The present embodiments relate to acoustic radiation force imaging. In particular, the present embodiments relate to motion correction in acoustic radiation force imaging.
Acoustic radiation force imaging indicates the viscoelastic property of tissue. Tissue displacement is caused by a wave generated from a stress, such as an acoustic force radiation impulse (ARFI). The tissue response to the wave is tracked over time. Tissue deformation parameters, such as shear wave propagation parameters, are secondary order estimates from phase or displacement of the tracked response.
Acoustic radiation force imaging is susceptible to motion artifacts. The patient may move, the transducer probe may move, and/or anatomy may move. These motions contribute to the displacements and/or resulting parameters. The result is low quality, biased, low repeatability acoustic radiation force imaging. Physiological and transducer motion is inevitable during in-vivo scans and may cause large errors in the estimates of tissue mechanical parameters.
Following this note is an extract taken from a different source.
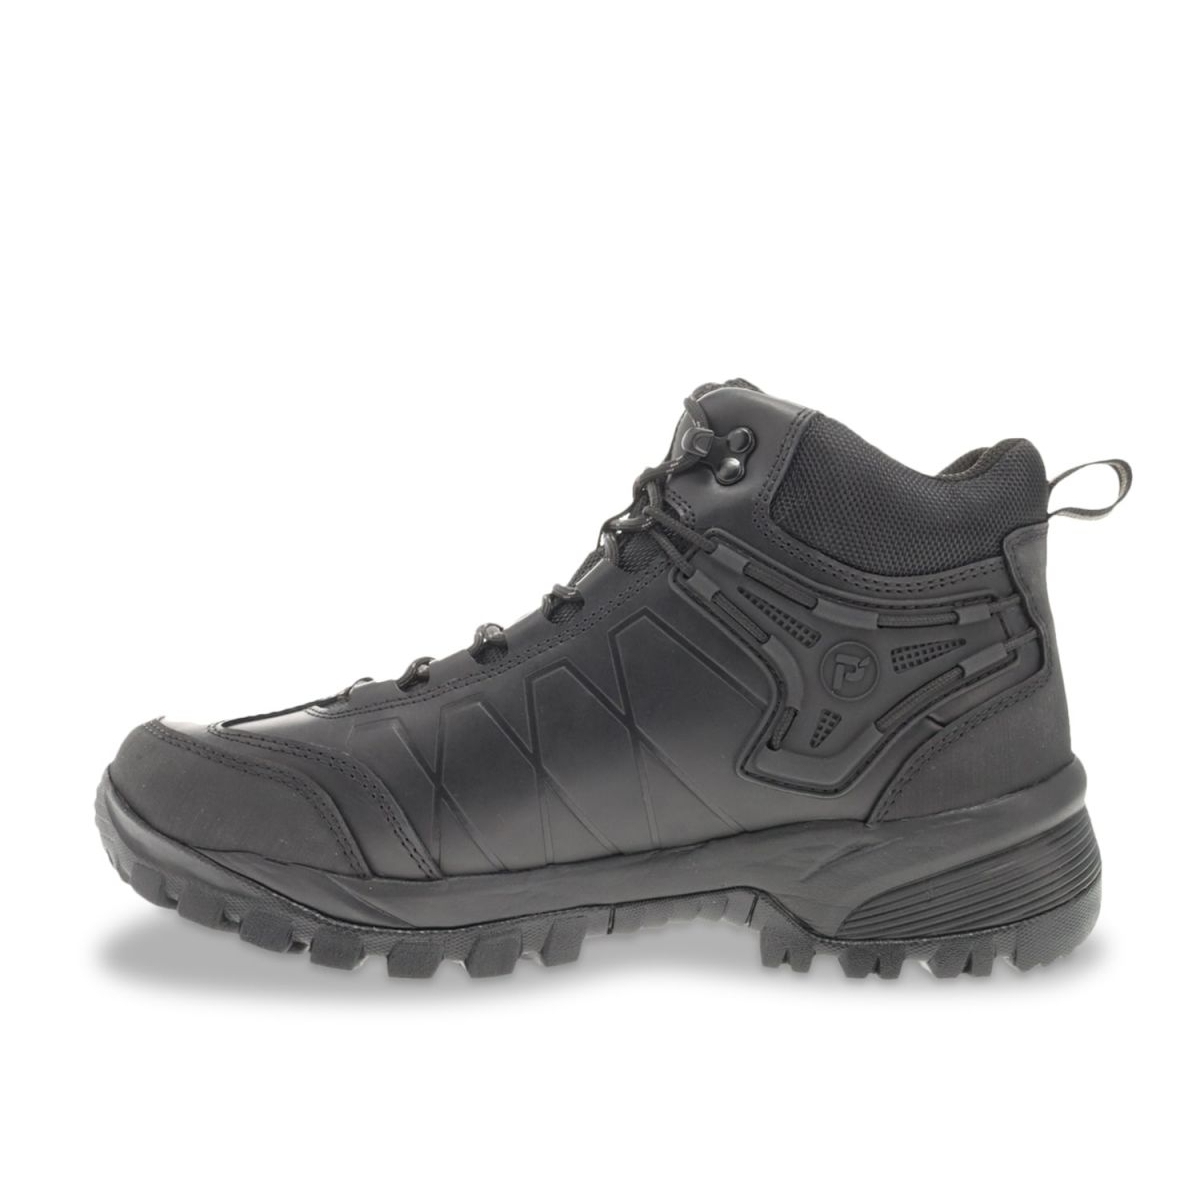 Propet Men's Ridge Walker Force Hiking Boots Black - MBA052LBLK BLACK - BLACK, 10
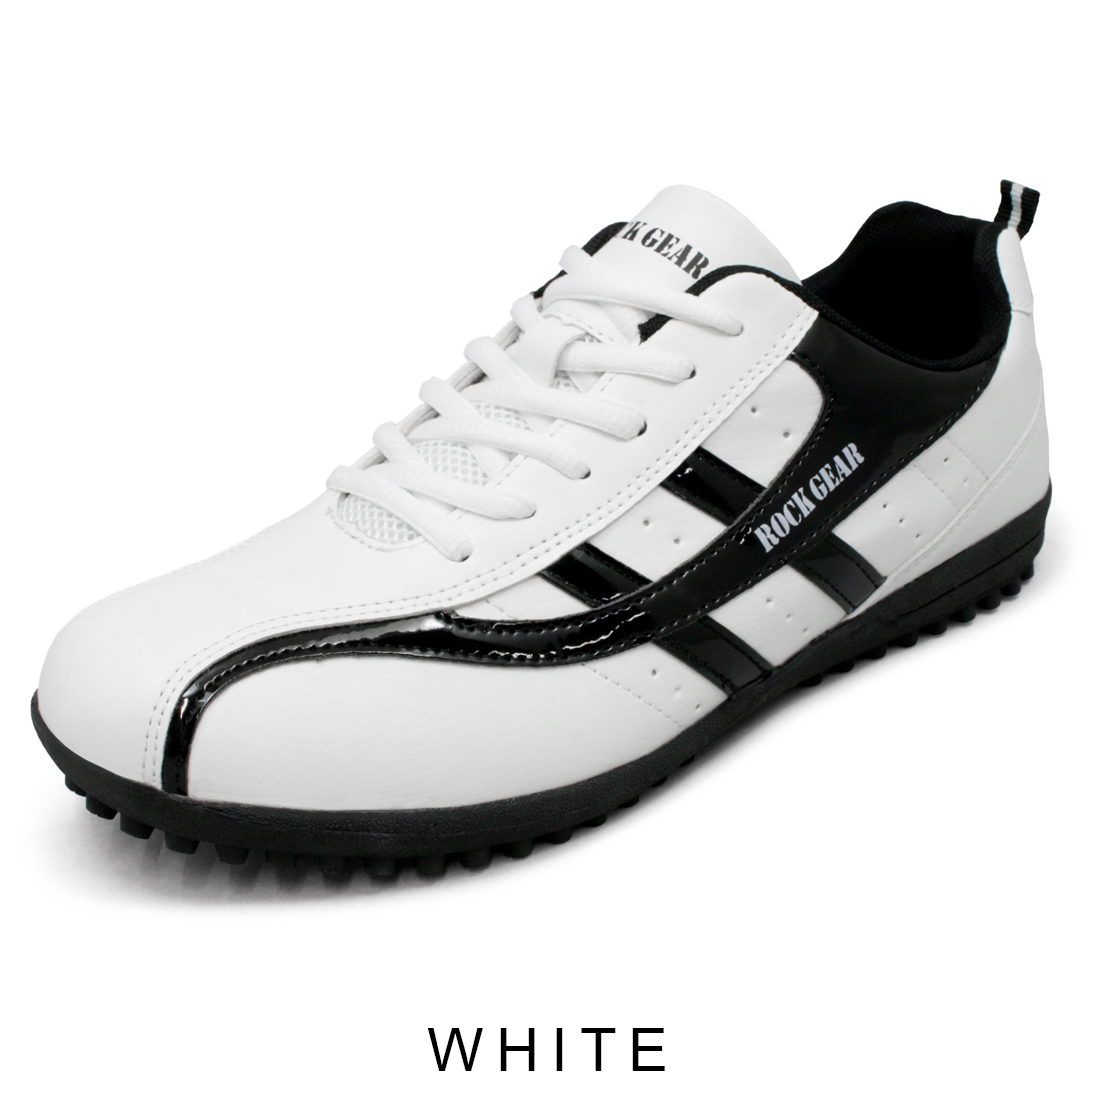 RG ゴルフシューズ 白 黒 スパイクレスシューズ メンズ 軽量 耐滑 紐靴 紳士靴 黒 白 ROCKGEAR ロックギア rg710

Since tracking is used, motion correction may be applied to frames of echo data prior to determining the displacement. The motion correction may remove some undesired distortions, but does not deal with out-of-plane motion. Motion from the tissue not subjected to the wave caused by the stress may be used to estimate undesired motion, which is then removed from the displacements caused by the wave. Where the undesired motion is different during the wave propagation or at the measurement location, this removal may not be accurate or may introduce error.